Even now, as violence engulfs the country, and spills over the borders into other European nations, French newspapers are headlining their articles on the issue "Crisis in the suburbs." Memo to France: This is no longer the suburb's crisis; this is the entire nation's crisis.

The suburbs have been defined in recent years by the racial, economic and religious strife rampant there. These problems don't exactly sit neatly under the banner of liberté, égalité, fraternité (liberty, equality, brotherhood) that France envisions flying over its country.

These riots are partially a result of the fact that the suburbs of Paris are viewed as a separate world from Paris proper. The low-income housing, poverty and general unrest often associated with inner cities are consigned in Paris to its troubled suburbs. These densely populated, low-income neighborhoods are the heart of Paris' North African and Muslim immigrant communities.

The North African and Arab residents of suburban communities feel disenfranchised from the rest of French population. This is certainly not a shock in light of the fact that a political candidate advocating forced return for all "nonwhite" immigrants received 17 percent of the popular vote in the first round of presidential elections in 2002.

The disenfranchisement is economic as well; unemployment hovers around 30 percent in the suburbs, compared with 10 percent nationally. In certain suburban areas, it soars as high as 40 percent.
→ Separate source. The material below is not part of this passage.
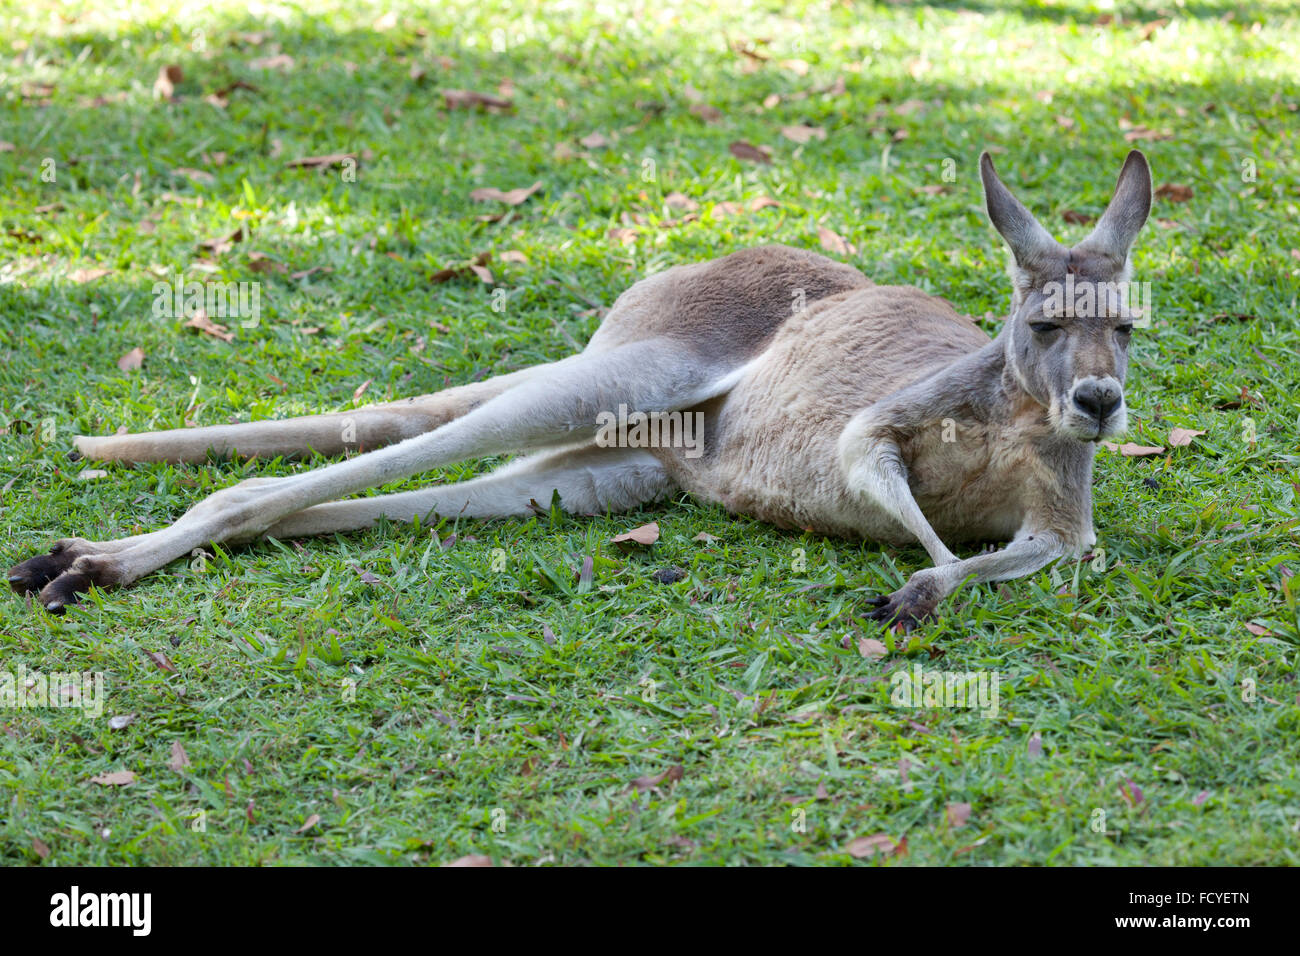 Kangourou rouge allongé dans l'herbe, Queensland, Australie Banque D'Images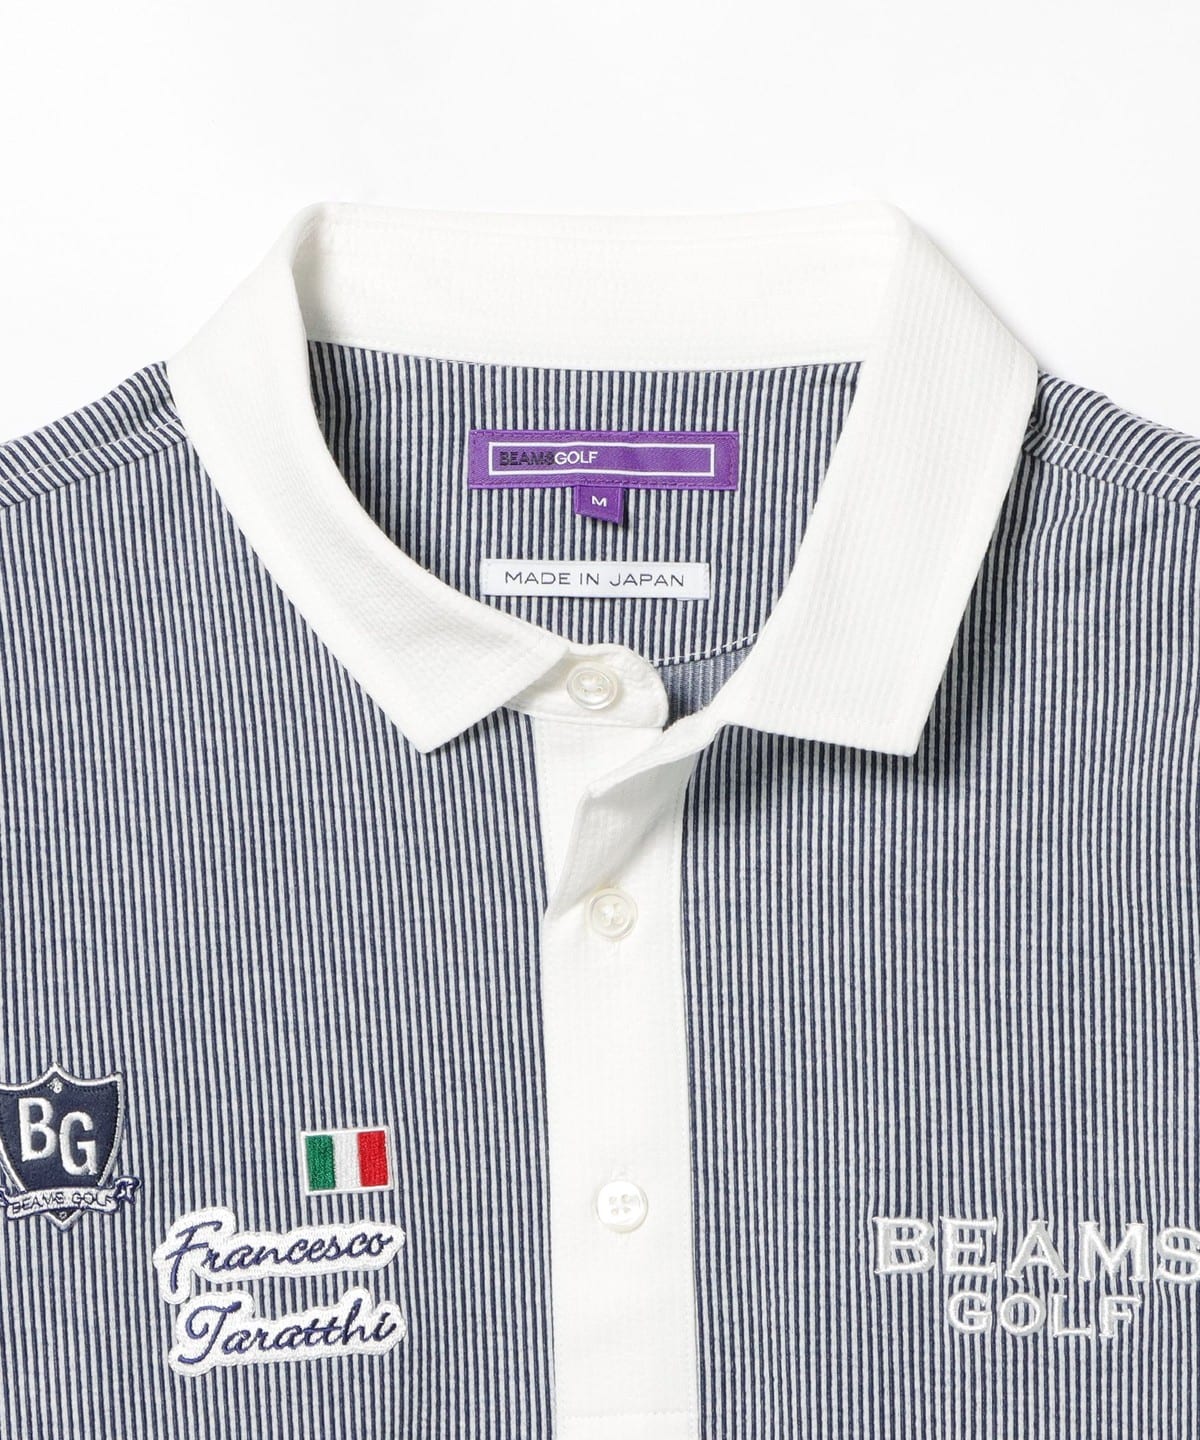 【タグ付き新品未使用】BEAMS GOLF ビームスゴルフ ニットポロシャツ L

Mainstream French society has rejected the possibility that those living in these impoverished conditions have much to do with the rest of society, or that French society itself has contributed to the malaise in these areas.

On a visit to the suburbs in the middle of October, before the riots began, Interior Minister Nicolas Sarkozy referred to the residents who caused trouble there as "rabble" that needed to be washed out. Language like this draws a clear divide between those who live in the suburbs - the poor, the immigrants - and the rest of the French populace.

Even President Jacques Chirac has regretfully acknowledged "the incapacity of French society to fully accept" the African and Arab youths of the suburbs. This is a societal problem, but it is one that plays itself out on the level of the individual: Rejection occurs on a person-to-person basis.

It's easy to look on in horror as riots seize France, to blame the French for a problem that is their own. But the truth is, this problem isn't uniquely France's. It's time for a look at our own lives. Whom do we reject? Whom do we alienate?

We only make France's crisis more tragic when we refuse to apply its lessons to ourselves. Let's remember that we are not isolated. Today is a day for each of us to build bridges.